Isolates from cultures incubated for up to 4 months were usually in the form of spheroplasts or diphtheroid bacilli; the fully reverted phase, resembling B. licheniformis, with the capacity to form endospores, was isolated occasionally from cultures aged 1-6 months, and it constituted about half the isolates recovered from cultures aged 6-25 months.
BLE was isolated in subculture, and with the usual frequency, in previously unopened, primary cultures. It did not occur in 1200 subcultures of 150 control cultures made with autoclaved or irradiated blood cells; it was not detected in the environment of the laboratory or blood-sampling areas, or on the skin or in the respiratory passages of the operators and other persons associated with the laboratory, where typical, saprophytic B. licheniformis was very rare.

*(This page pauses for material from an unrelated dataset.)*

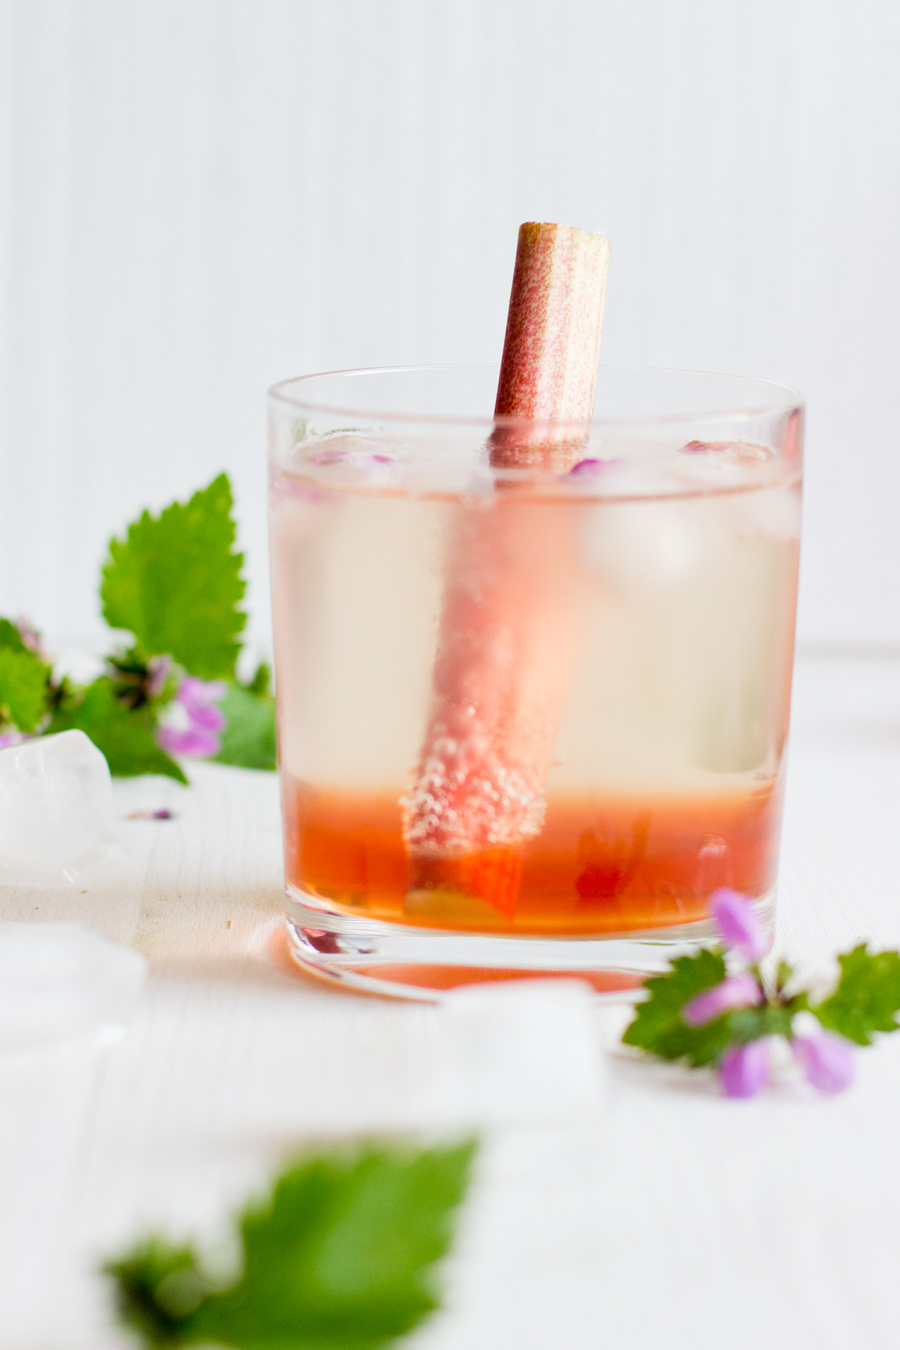 Rhubarb gin fizz cocktail recipe | Enjoy this cool and refreshing  cocktail on hot summer nights. Made in 5 mins and definitely a crowd-pleaser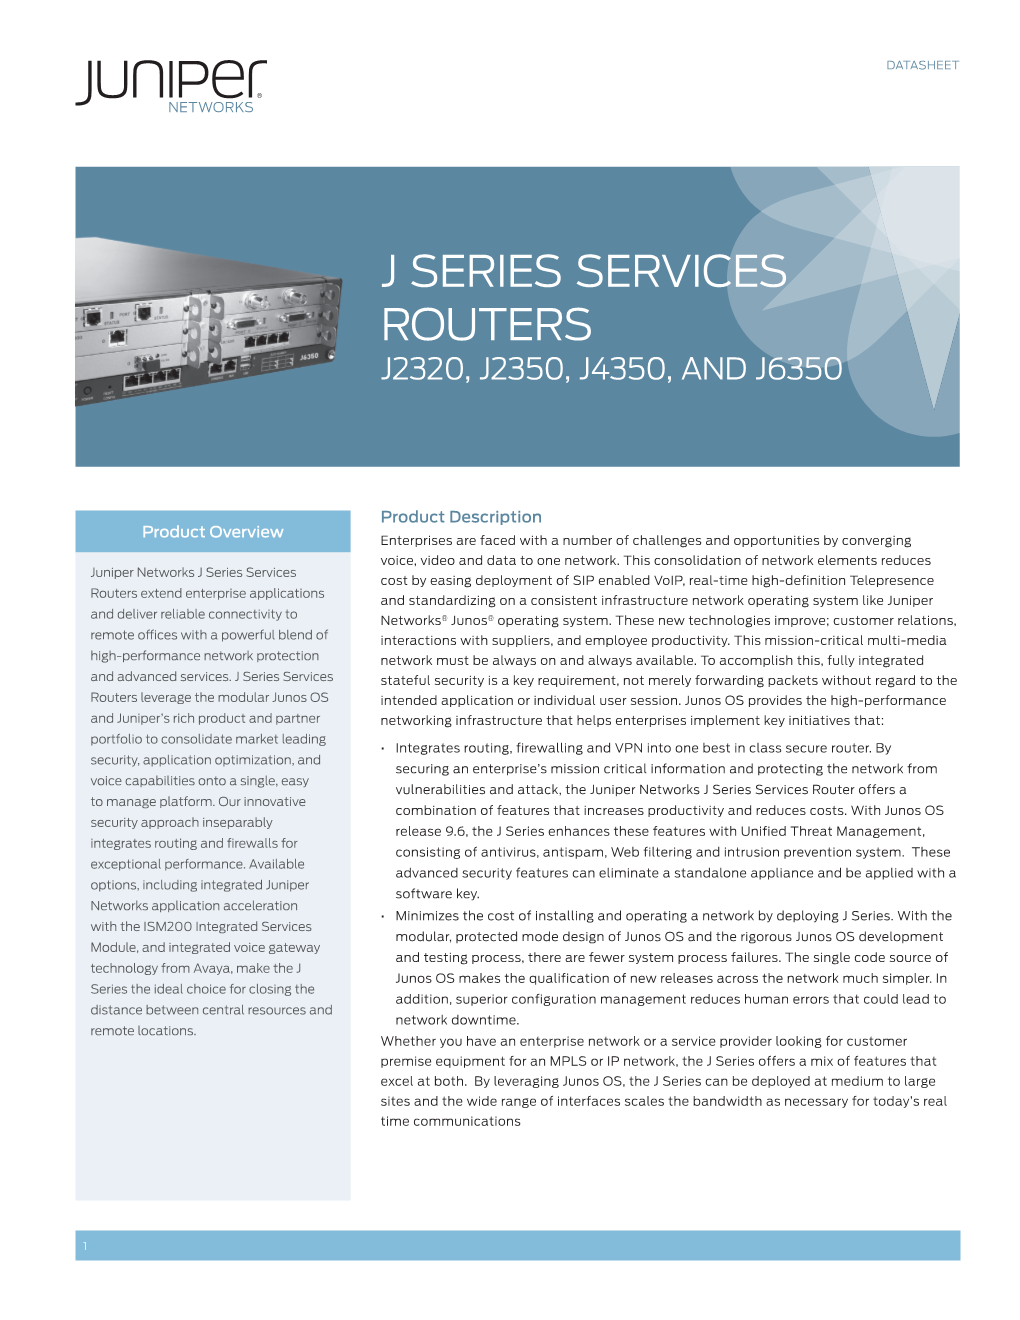 J Series Services Routers: J2320, J2350, J4350, and J6350

It is concluded that this Bacillus species exists as an L-form, associated with the erythrocytes of a large proportion of normal persons, as previously recorded by several observers. Some of the morphological variants associated with the L-cycles have in the past been described as different organisms, for example L-forms of various bacteria or mycoplasmas, and the diphtheroid stage has been thought to belong to the genera Corynebacterium and Listeria. The sporogenous stage, although frequently described, has normally been discounted as a contaminant.
These observations do not admit of any conclusion in respect of the claims that such bacteria may have a role in arthritis, cancer or other diseases.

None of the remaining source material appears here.